DroidJack, the Trojan that is marketed as normal software
We already know that malicious software is sold to hackers on the Deep Web, however, the case of DroidJack is different as well as peculiar. Those responsible for the development of this remote control Trojan sell their tool to any user on the normal network at a price of $210 per license through their website.
The payment of said license can be made both through PayPal and by credit card, which means that when it comes to marketing it, it is like another piece of software, without malicious intent, and that is that, after all, those who misuse his are the buyers, not the developers.
OmniRAT, malware to hack Windows, Android and OS X for only $25
OmniRAT is a new type of malware that picks up where DroidJack left off, and can easily take over Android, Windows, OS X and Linux.
A big one is upon us and no one is safe . As European police manage to eliminate the use of the DroidJack malware , a similar product has emerged that can control not only Android, but also Windows, OS X and Linux and is selling for only a fraction of the cost.
This remote control tool, detected by the security firm Avast, is called OmniRAT and appears to be of German origin.
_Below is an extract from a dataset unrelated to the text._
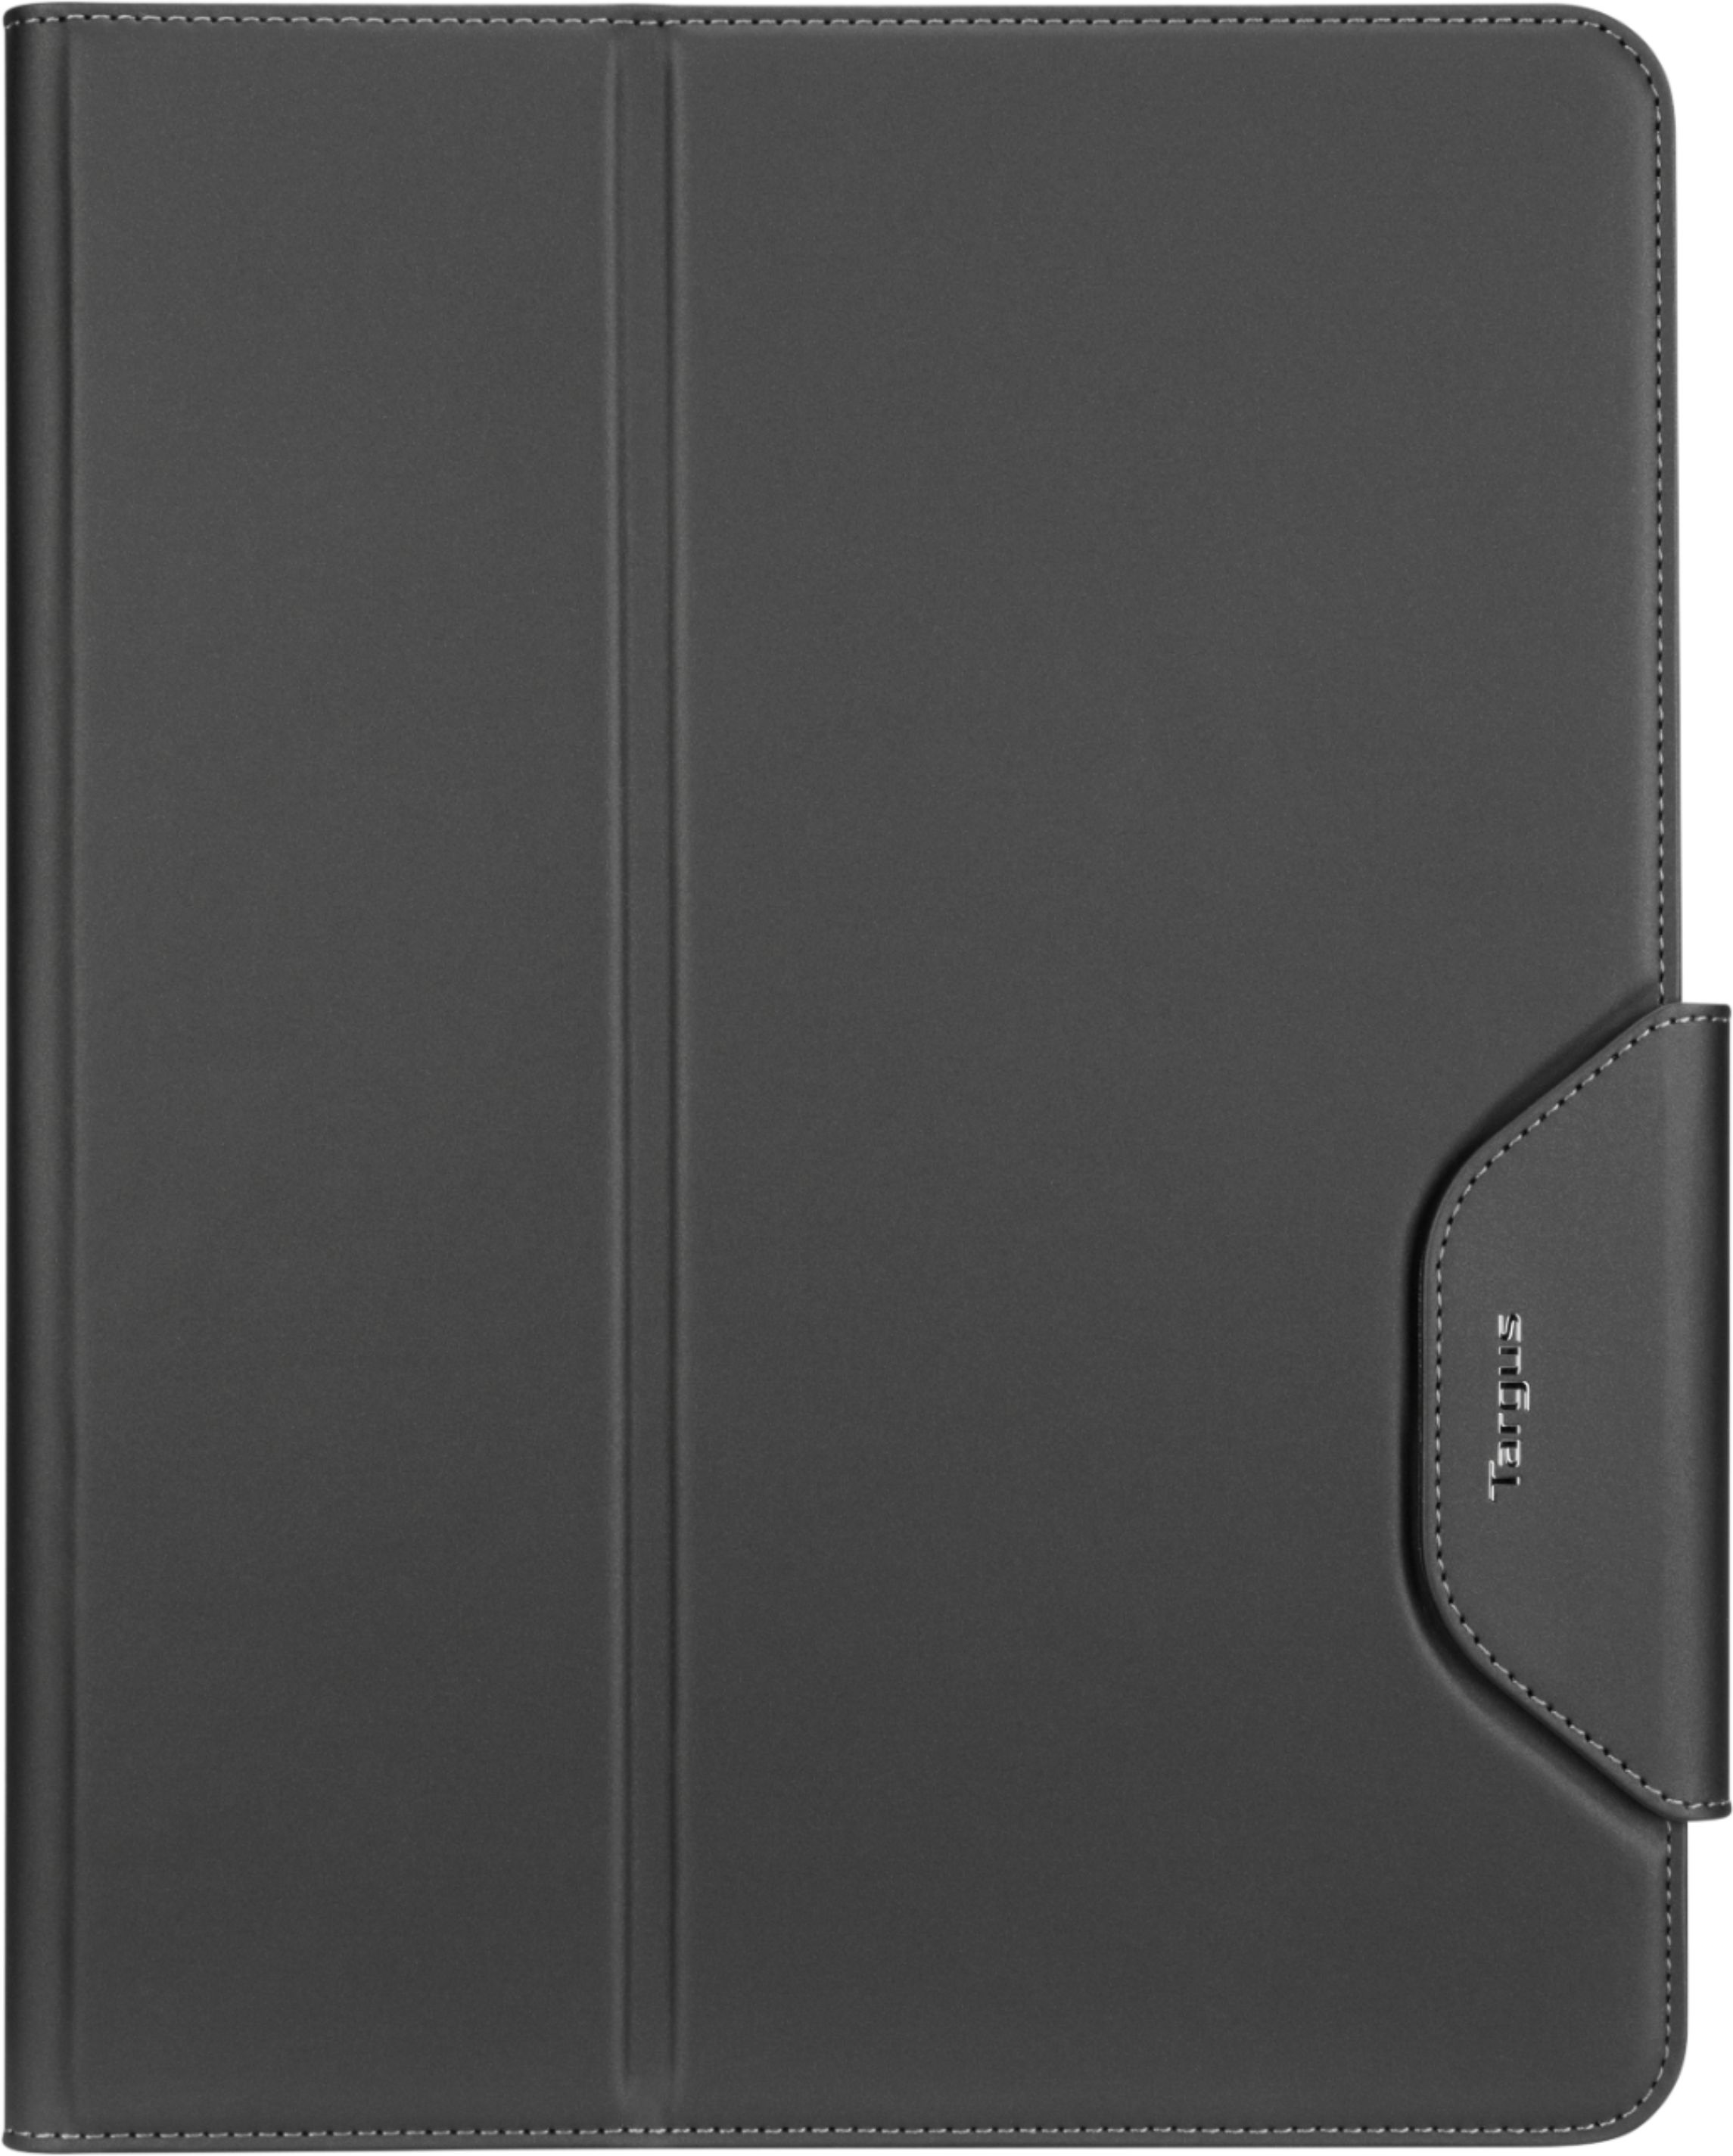 Oxford Slim Leather iPad Pro 12.9 Case.

The vendor promises that the “remote administration tool” can operate on smartphones Android, but it will also allow full control on Windows systems and some control on OS X and Unix-based computers after installation.
Avast investigated a code incident for this software in Germany, where the victim received a text message stating that she was unable to display an image because of the current Android Stagefright patch. In order to see it, the victim was asked to download a specific app to do so.
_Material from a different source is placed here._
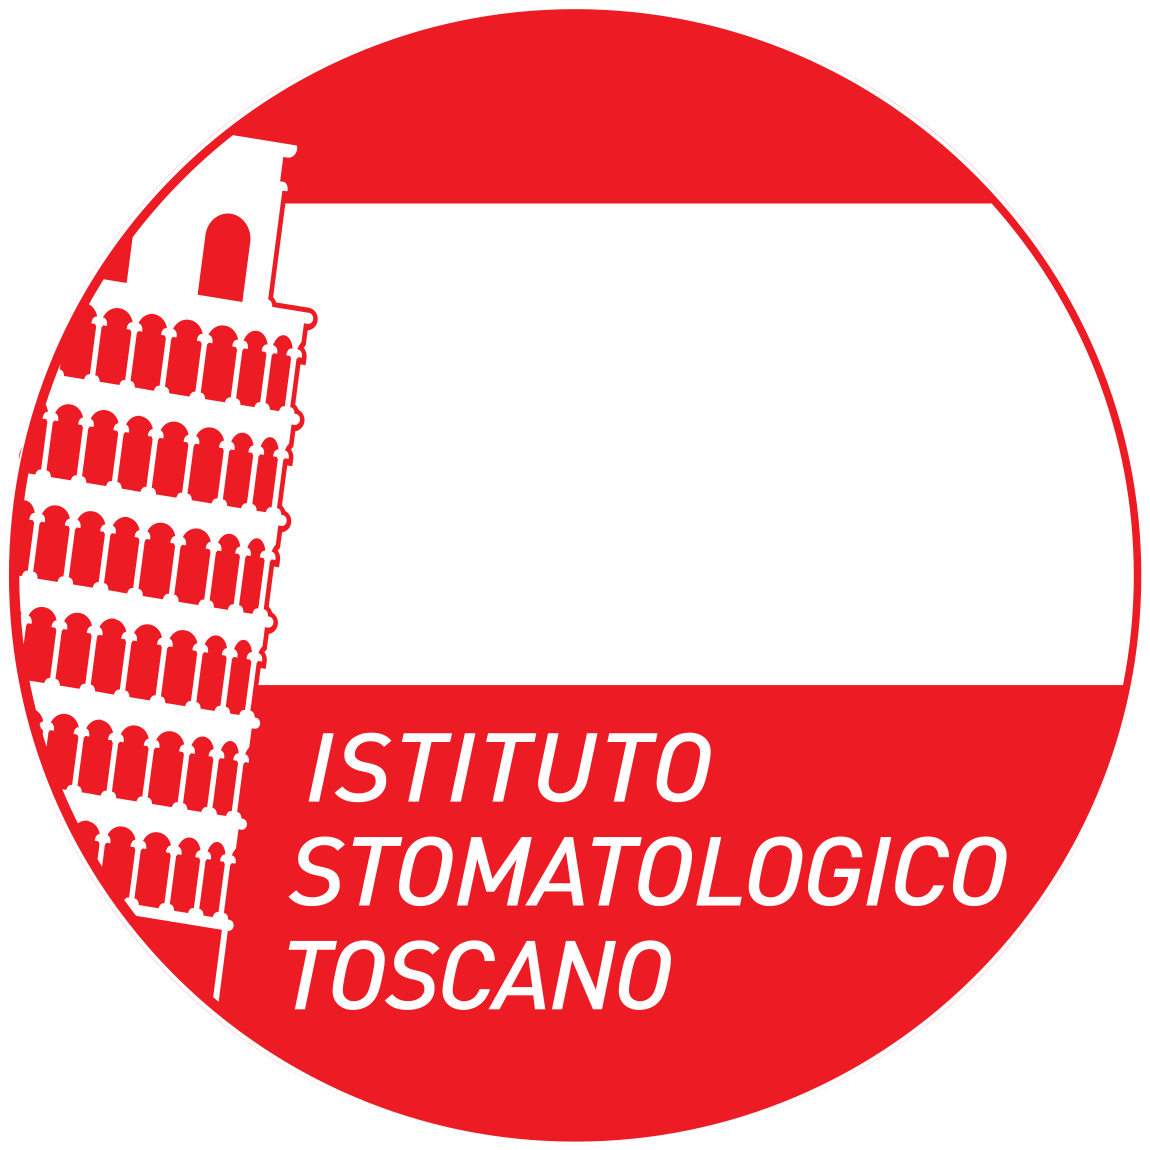 Istituto Stomatologico Toscano

This, of course, should be enough notice . Any software download from an unknown or untrustworthy source should be viewed with caution. Once the app is downloaded, Google’s permissions model also showed a long list of access and privacy privileges that the software required, and yet the victim gave permission to install it.
How does OmniRAT work?
Once installed, OnmiRAT is very, very difficult to remove from the system . Deleting the originally downloaded software is of no use, and the driver of the software has full permission to the device and can make calls, steal files, and remotely control other devices after sending them the code with another text message, something we’ve seen in other cases. mobile malware .
In the words of Nikolaos Chrisaidos , a mobile malware and security analyst at Avast:
We know that data collected by the custom version of OmniRAT that targeted a person of German origin who appeared on the Techboard forum is being sent to a Russian domain, based on the address of the C&C server the data was being sent to. .
What could make the OmniRAT a potentially bigger problem than the DroidJack is its cost. Older malware costs upwards of $200, while OmniRAT, which reuses a lot of its code, only asks $25 for the software and includes a “lifetime guarantee,” though this will likely only last until the police kill it off. .
Chrysaidos has given the following advice to users to protect themselves from OmiRAT:
- Having an antivirus installed on the mobile –although this, as we already know, is not very useful–. Avast antivirus detects this threat as Android:OmniRat-A [Trj]
- Do not open links from sources you do not trust. If an unknown phone number or email address sends us one, please do not open it under any circumstances.
- Use only official sources to download apps .
As always, these are indications in which common sense should prevail . It will always be our best ally to keep our devices safe.